• [Work instruction]
Leaving the pictures aside, reproduce the data in full and word for word.

• [Supplied data]
= = = = =
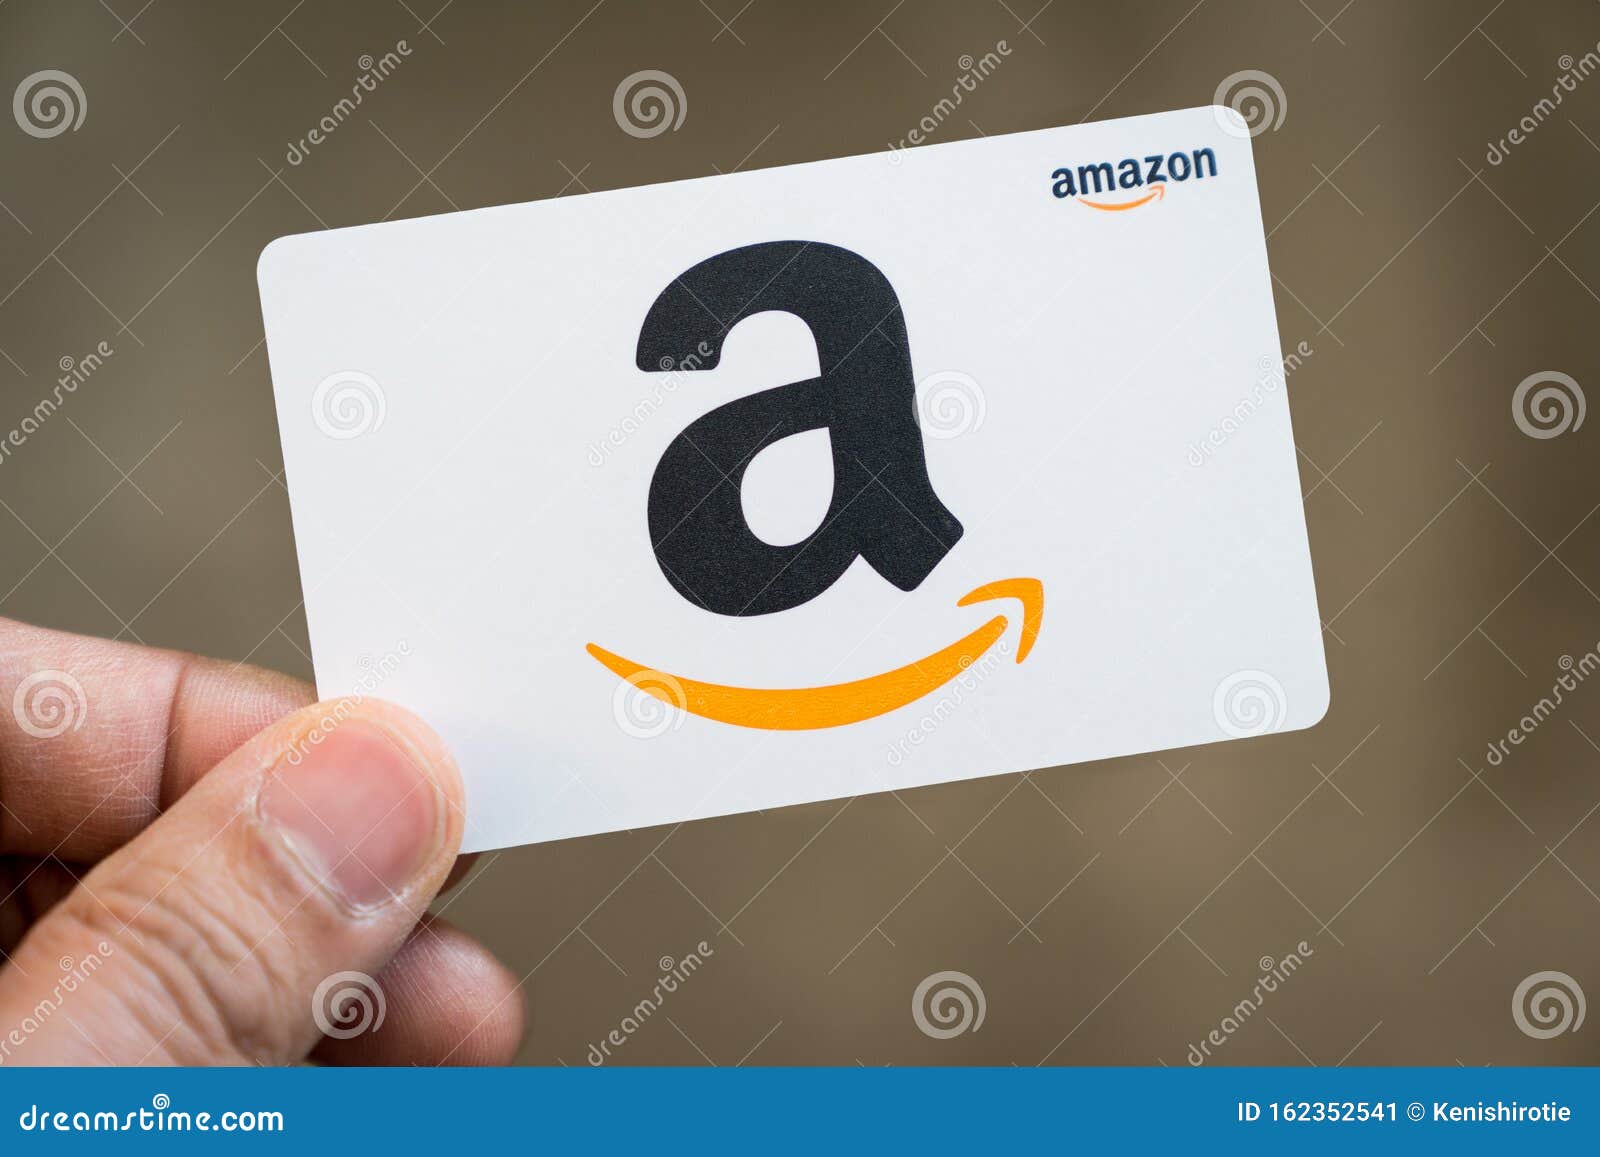 148 Amazon Gift Card Photos Free Royalty Free Stock Photos From Dreamstime
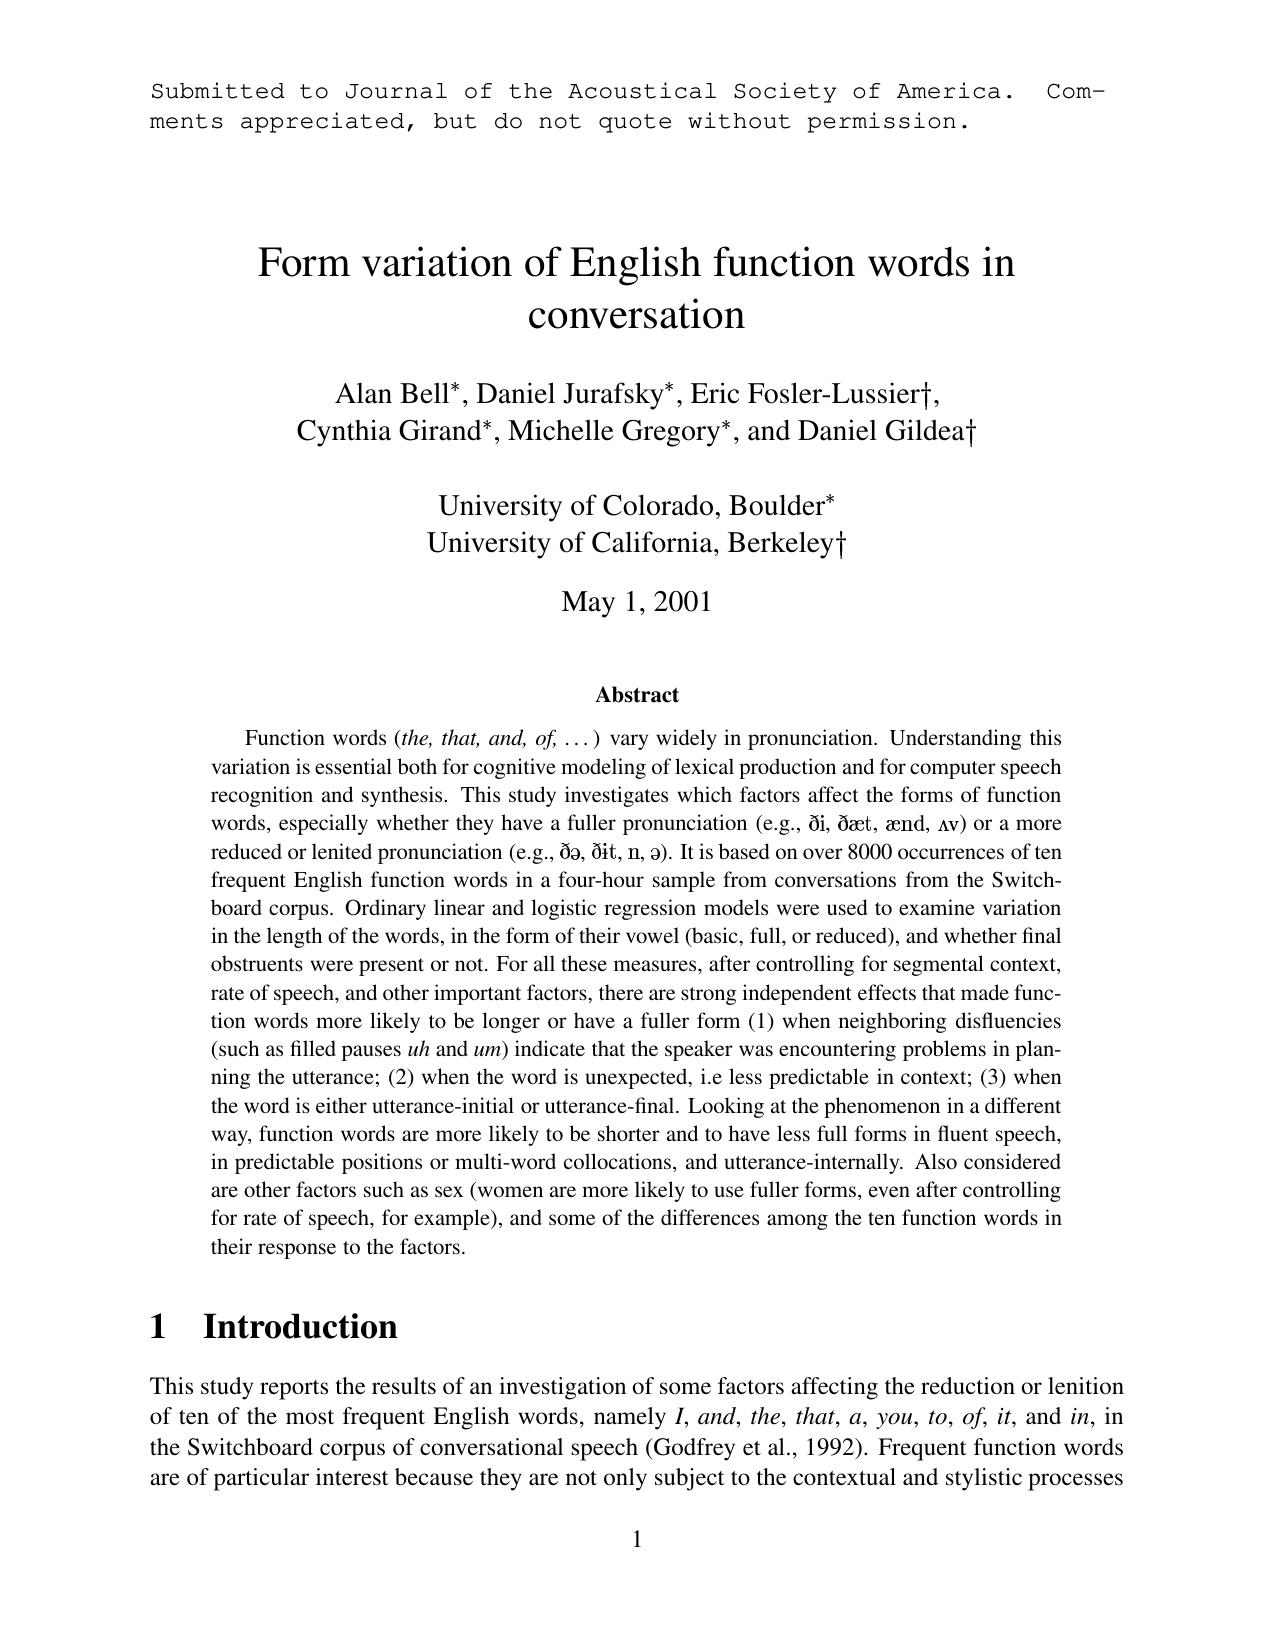 Form variation of English function words in conversation - Paper
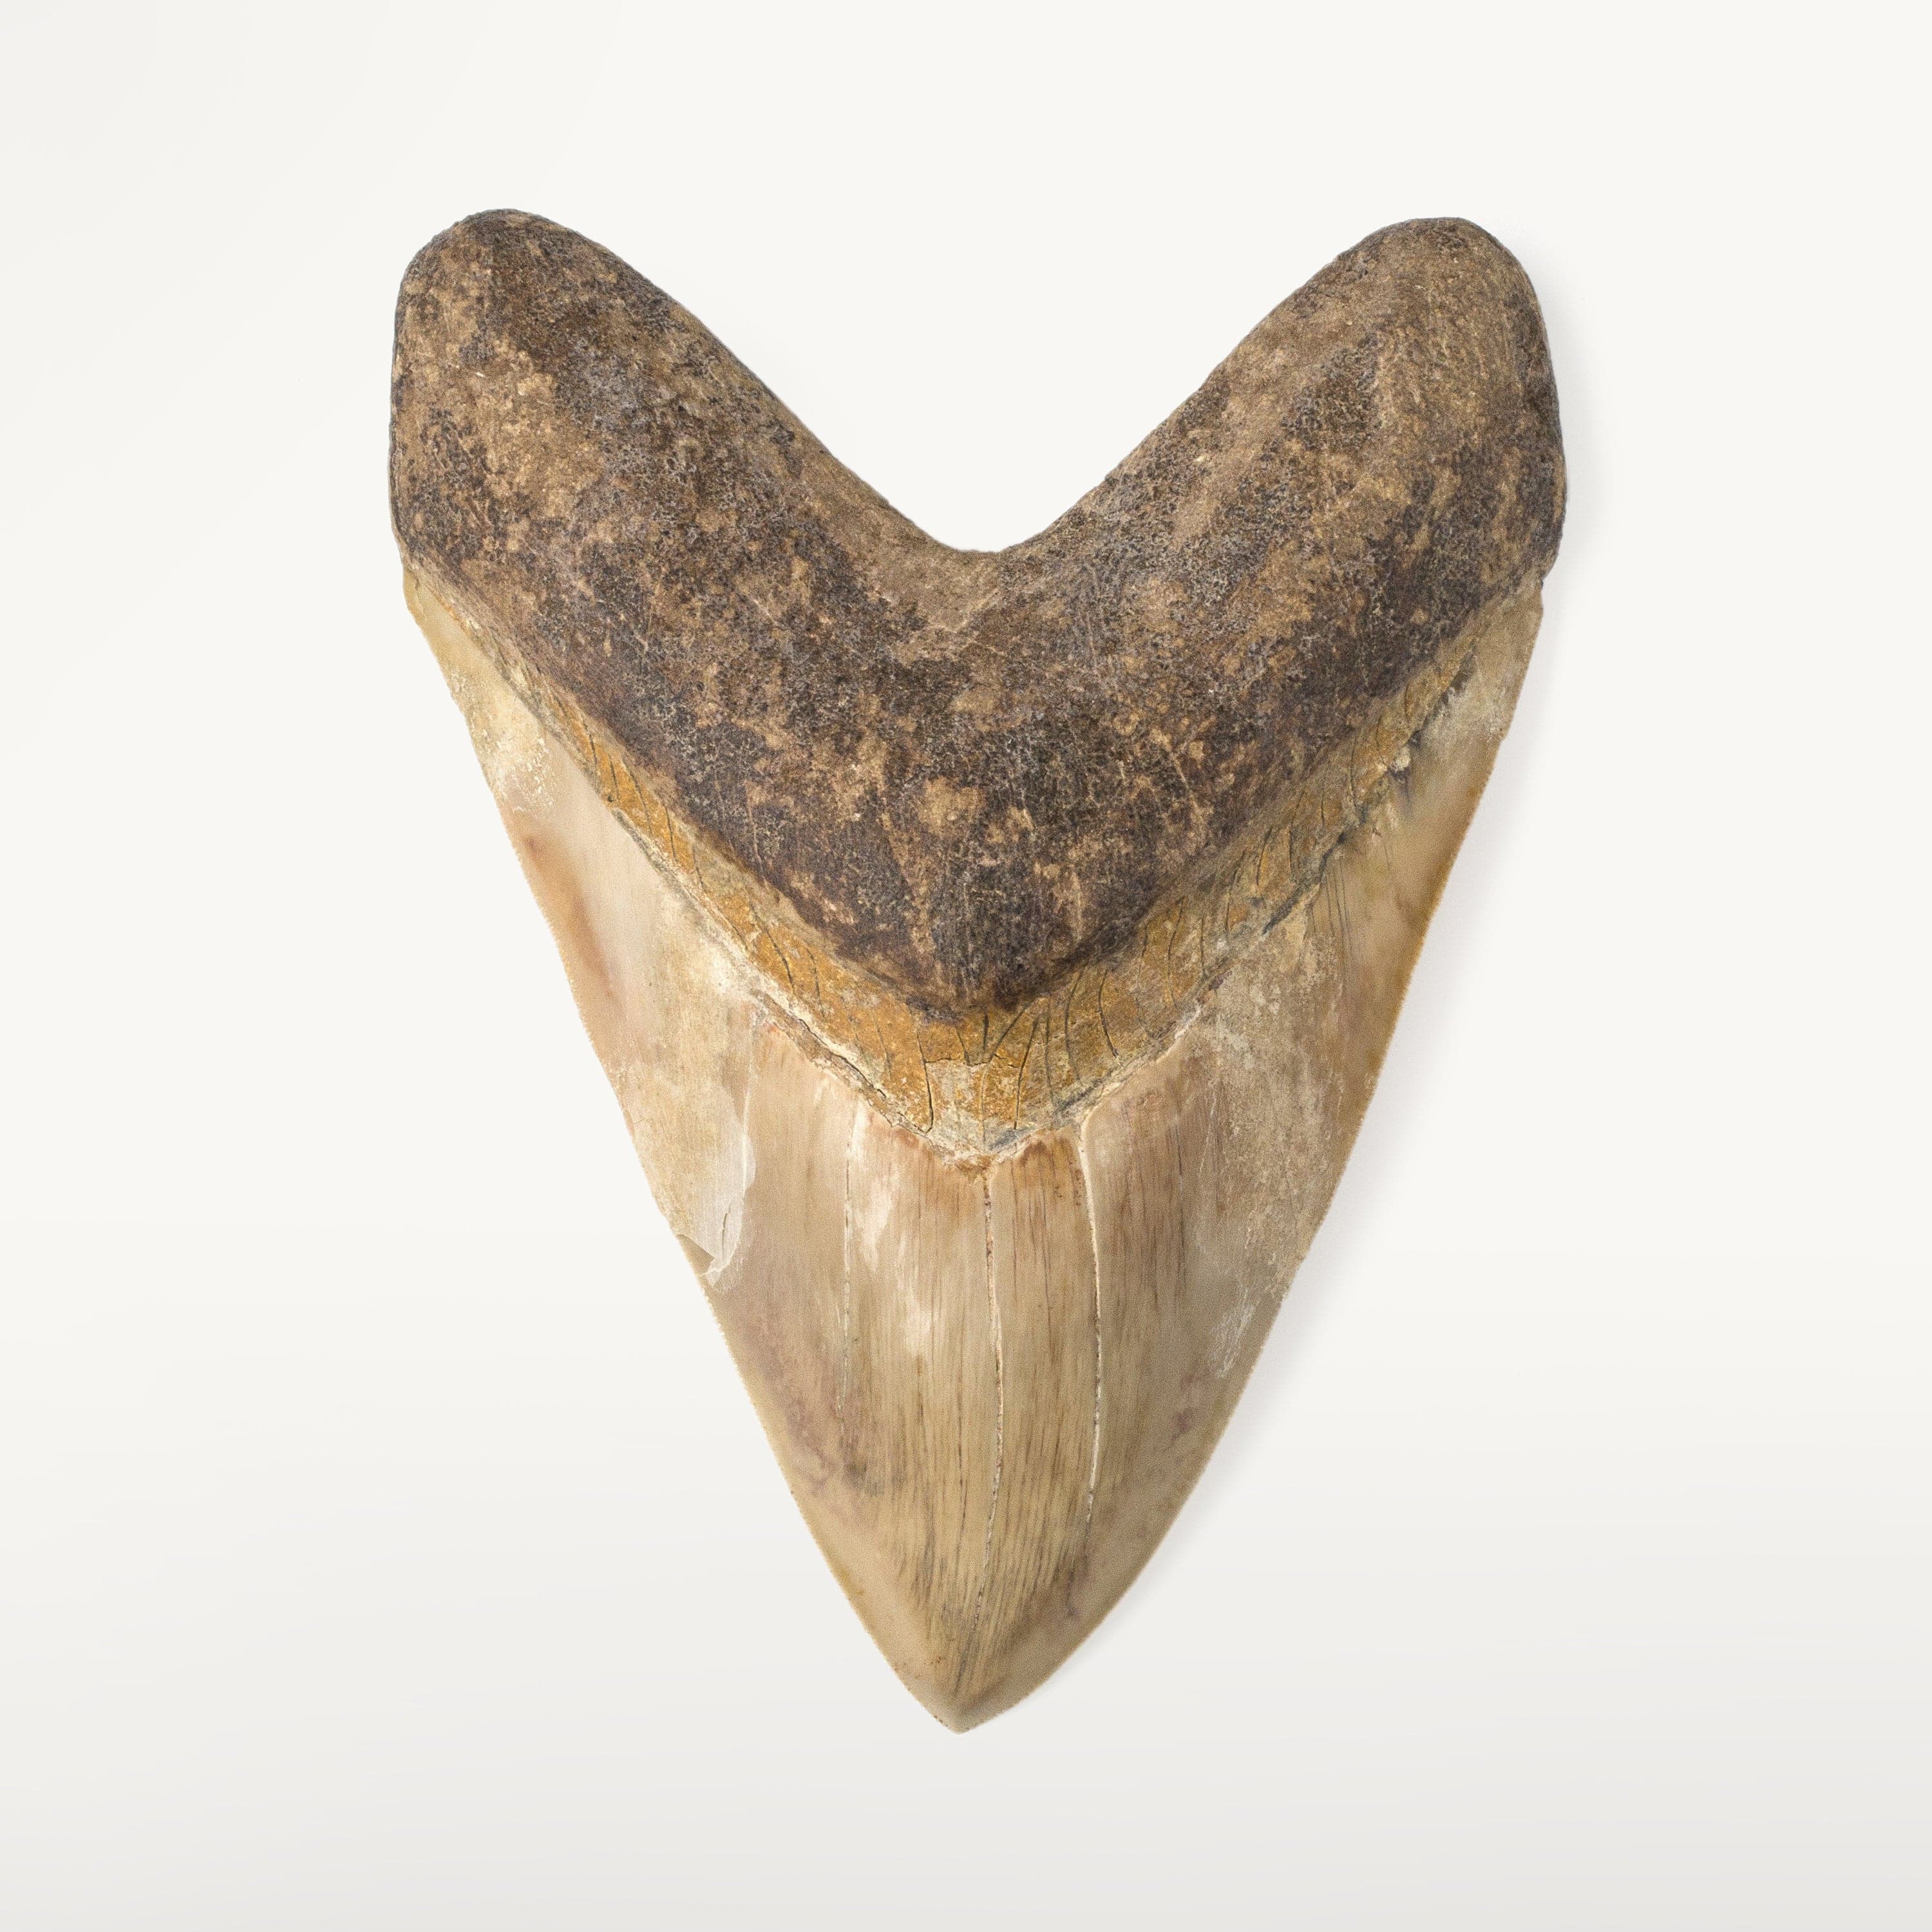 Kalifano Megalodon Teeth Natural Megalodon Tooth from Indonesia - 6.5" ST25000.002
= = = = =
• [Written response]
 148 Amazon Gift Card Photos Free Royalty Free Stock Photos From Dreamstime
 Form variation of English function words in conversation - Paper
 Kalifano Megalodon Teeth Natural Megalodon Tooth from Indonesia - 6.5" ST25000.002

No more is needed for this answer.